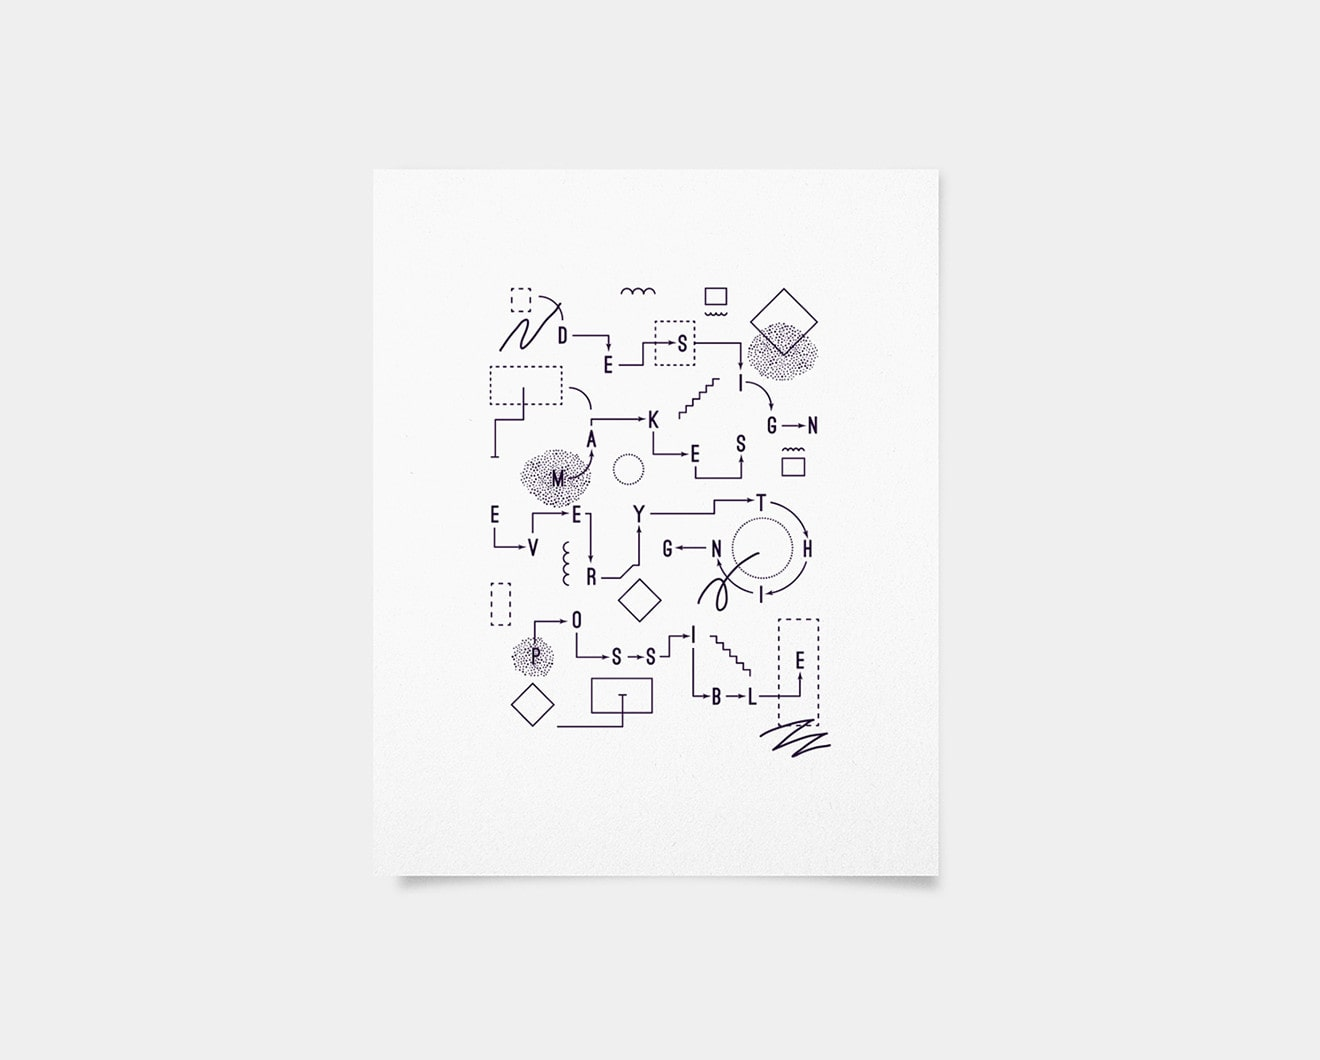 Design Makes Everything Possible - Hvass & Hannibal
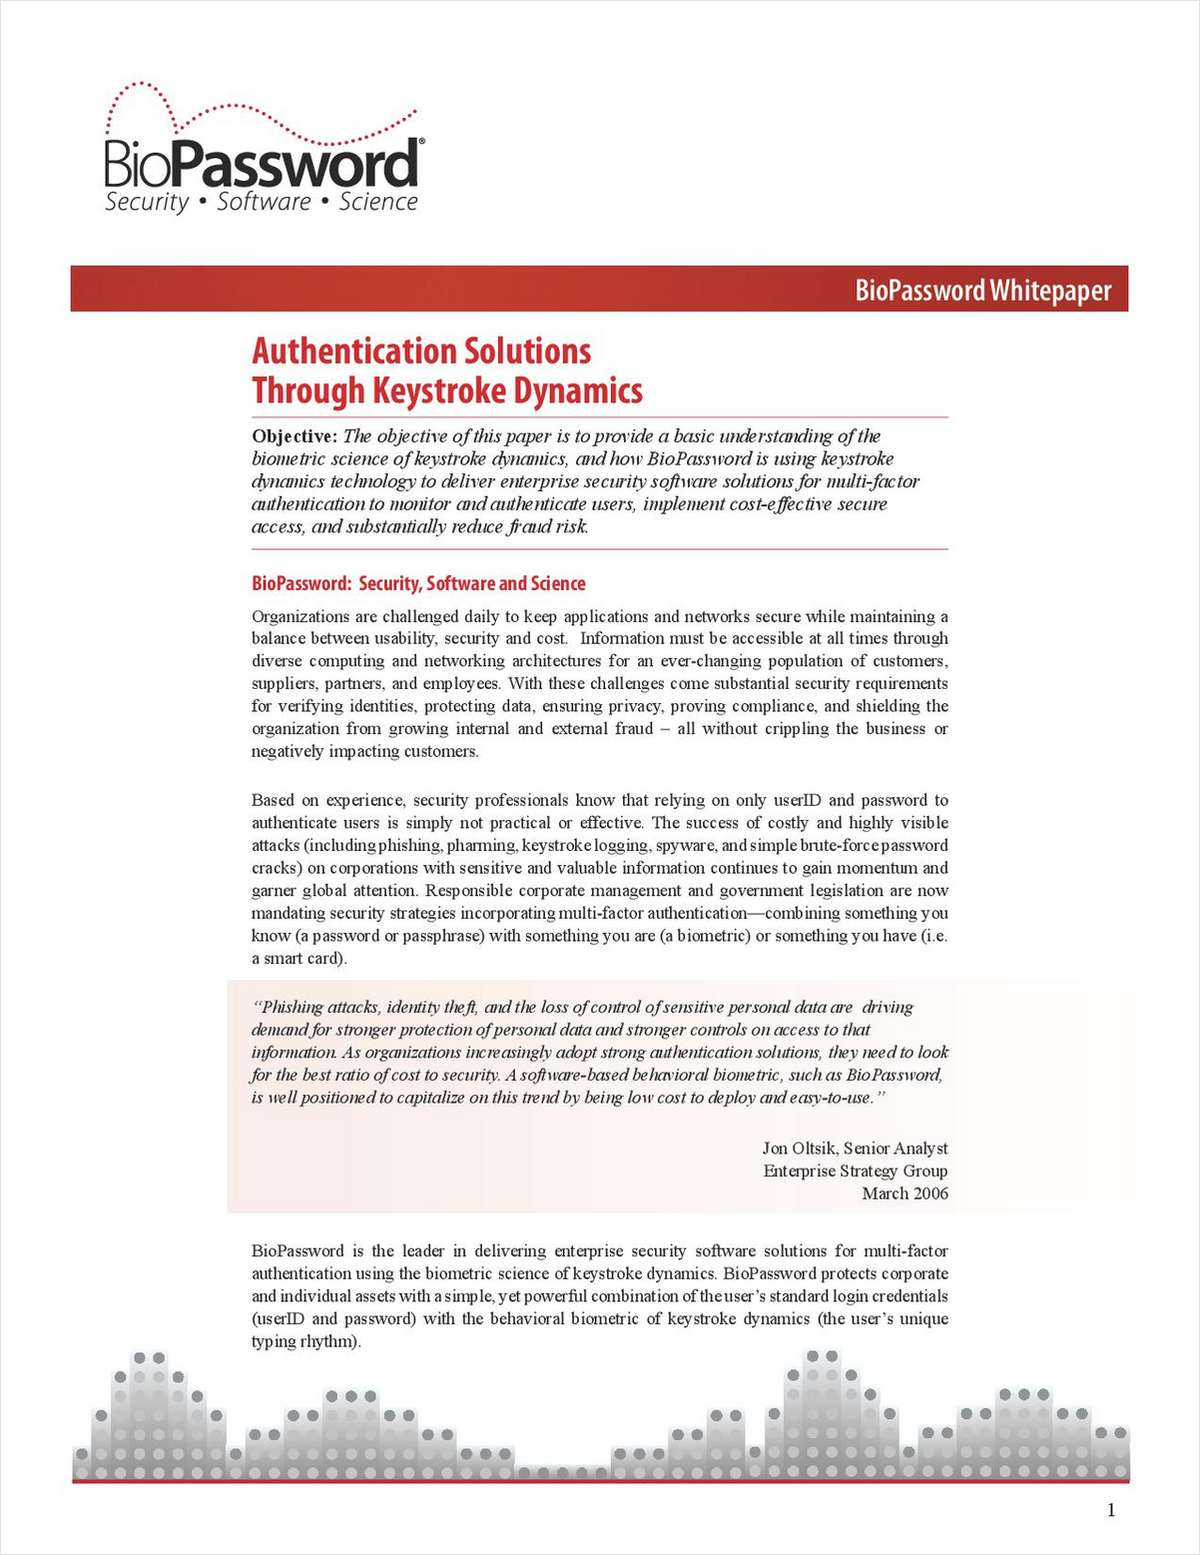 Authentication Solutions Through Keystroke Dynamics
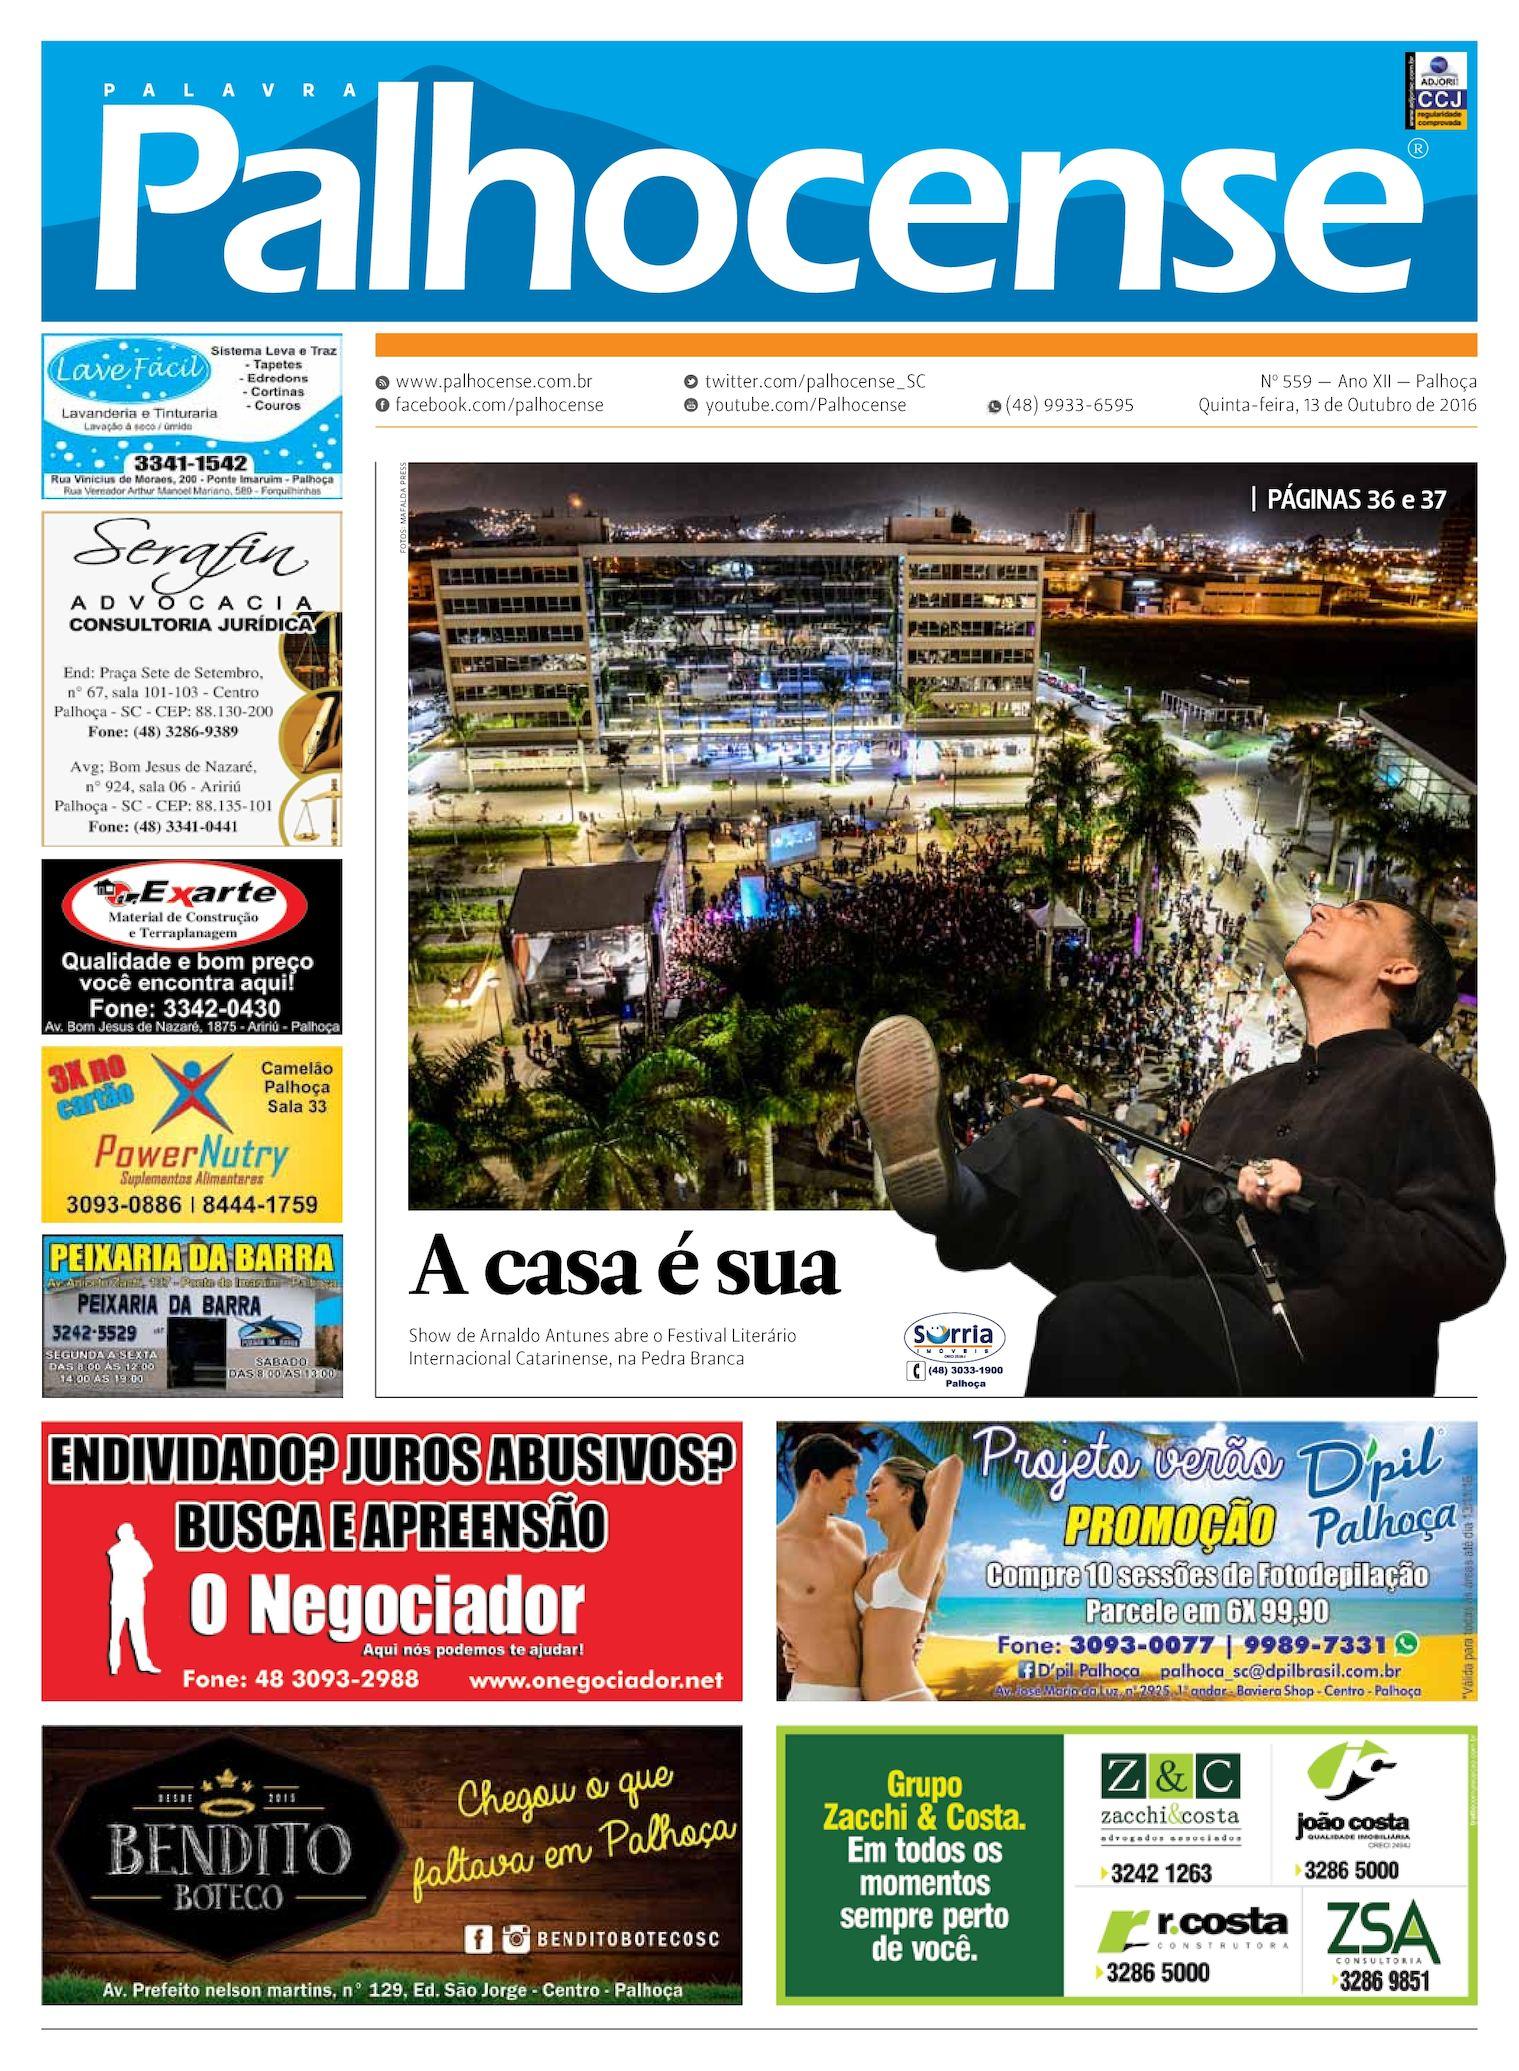 Calaméo - Jornal Palavra Palhocense - EDIÇÃO 559 885a6906cf482

+===+

**INSTRUCTIONS FOR THE TASK**
Leave every image out, and retype the material exactly.

**ANSWER FOR THIS EXERCISE**
 Design Makes Everything Possible - Hvass & Hannibal
 Authentication Solutions Through Keystroke Dynamics
 Calaméo - Jornal Palavra Palhocense - EDIÇÃO 559 885a6906cf482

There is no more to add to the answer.